= Rhodri Jones (photographer) =

Welsh photographer

Rhodri Jones is a Welsh documentary photographer based in Bologna, Italy. He has exhibited widely and has published several volumes of photography. His work has been carried by the Panos Pictures photographic agency since 1992.

== Biography ==
Jones was born in Tregarth, Gwynedd, North Wales. His mother is from Luxembourg, his father is Welsh, so he grew up influenced by three languages; English, Welsh and German.

Since 1989 he has travelled widely, producing images from locations such as China, Albania and Wales.

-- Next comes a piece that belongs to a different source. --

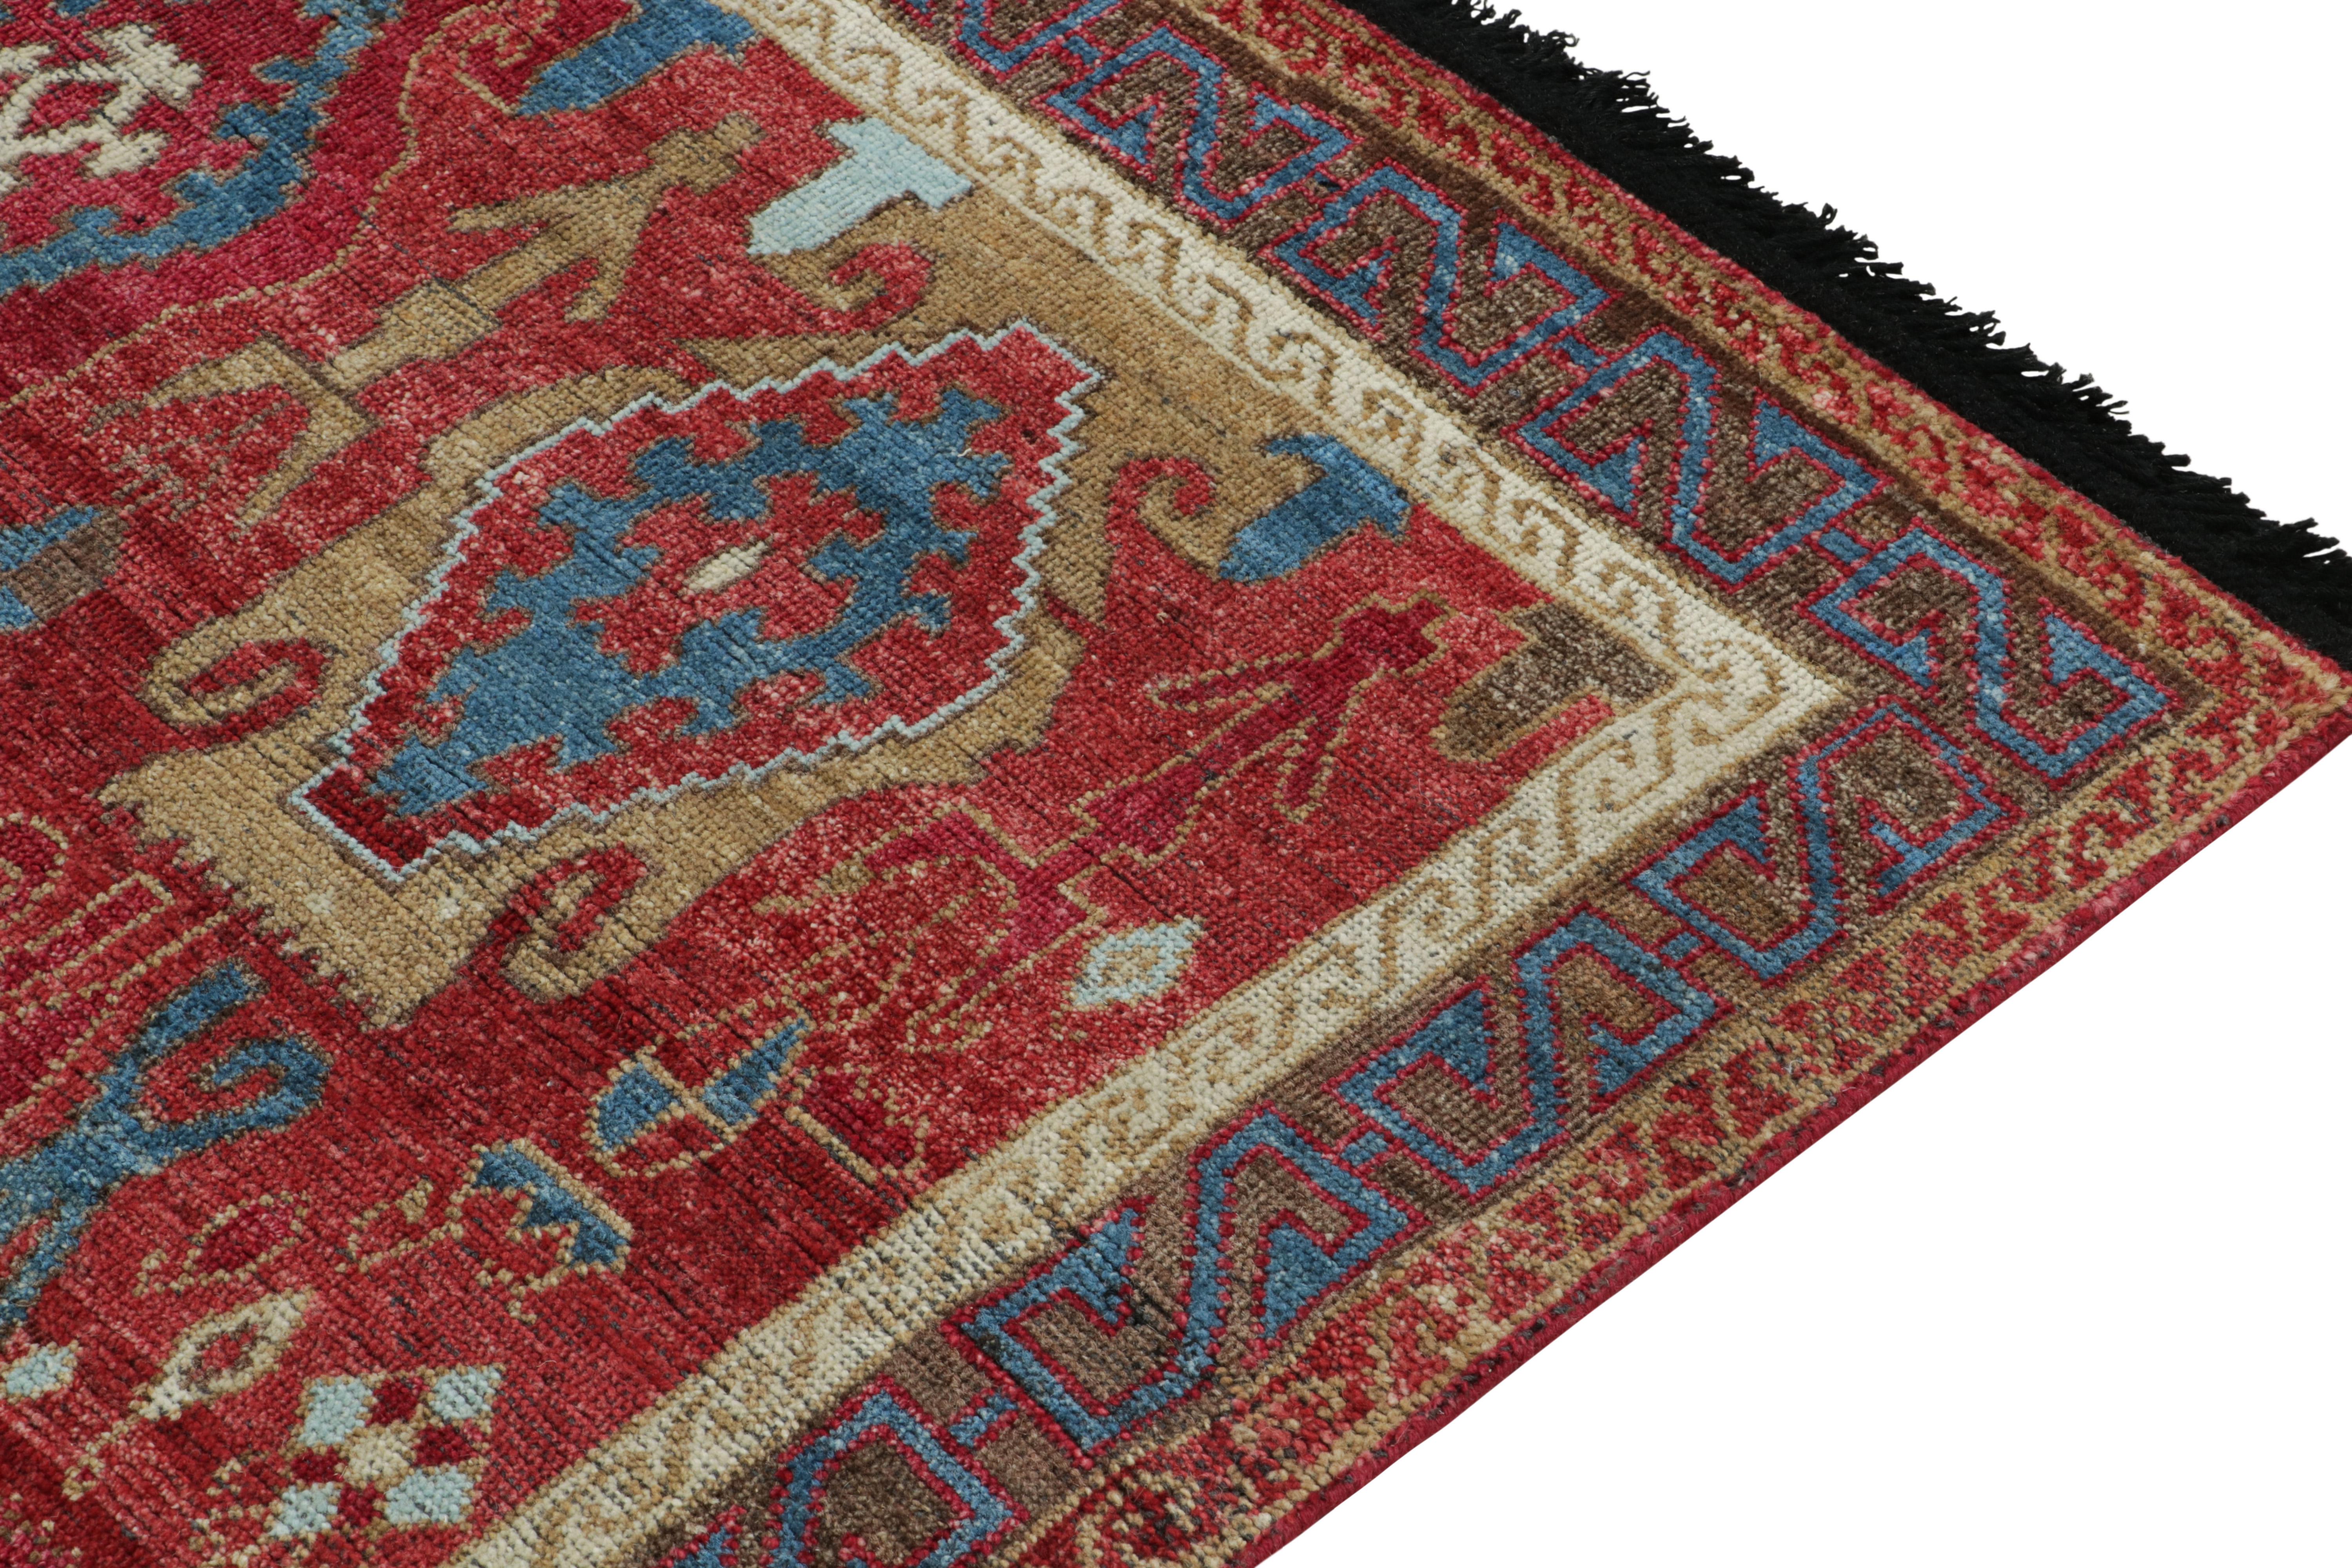 Rug & Kilim's Tribal Style Rug in Red, Blue and Brown Geometric Pattern In New Condition For Sale In Long Island City, NY

He has produced several volumes of personal work as well as commissioned work. He was described by fellow Welsh born photojournalist, Philip Jones Griffiths as "a Welsh poet with a camera"

== Publications ==
- Albania. An Oxfam Country Profile. Oxfam, 2000. ISBN 0855984325. Text by Neil Olsen.
- Made in China. Modena: Logos Art, 2002. ISBN 9788879401746. Texts by Philip Jones Griffiths and Hong Ying.
- Return/Yn ôl. Bridgend, Wales: Seren, 2006. ISBN 1854114190. Foreword by Gwyneth Lewis.
- Hinterland. Italy: L’artiere edizionitalia, 2010. ISBN 9788887569407. With a transcript of a conversation between Jones and Gianni Celati.
- Scambi ferroviari: l'azzurro del servizio ferroviario nel paesaggio bolognese. Bologna: L’artiere edizionitalia, 2011. ISBN 978-88-87569-46-9.
- So Be It. Italy: L’artiere, 2015. ISBN 9788887569612. With poems by Martin Camaj, introductions by Leonard Fox and Monica Dematté and a text by Jones.

== Exhibitions ==
- Made in China
  - 2002, Turner House Gallery, National Museum Wales, Cardiff, Wales.
  - 2003, Noorderlicht Photofestival, Groningen, Netherlands;
  - 2003 Spitz Gallery London.
  - 2003 Rome International Photo Festival.
  - 2003 Pingyao Photography Festival.
  - 2007 "Visioni di Cina", Centro Culturale Trevi, Bolzano, Italy.
- Return / Yn Ôl
  - 2006, National Library of Wales, Aberystwyth, Wales; Cynon Valley Museum and Gallery, Aberdare, Wales; Oriel Ynys Môn, Anglesey, Wales. Reduced versions of this show toured throughout Wales (2006–09).
- Go: Internal Migration in China
  - 2008, Side Gallery, Newcastle upon Tyne, England. During the show large posters, sponsored by the Look East festival, were shown on advertising billboards around the city.
  - 2008, Cynon Valley Museum and Gallery, Aberdare, Wales.
- Land of the Living Past
  - 2008, Lighthouse Media Centre, Wolverhampton, England.
  - 2009, Aberystwyth Arts Centre, Wales, UK.
  - 2010, Galleria 41ZERO30, Bomporto, Italy.
  - 2015, Mo Art space, Xinmi, Henan Province, China.
- Hinterland
  - 2010 Urban Centre, Sala Borsa, Bologna.
  - 2012, Museum of Farming Culture, Bentivoglio, Bologna, Italy.
  - 2012, Photomonth Festival, Italian Institute of Culture, Kraków, Poland.
  - 2012, Galleria Pubblica, Castel Maggiore, Italy.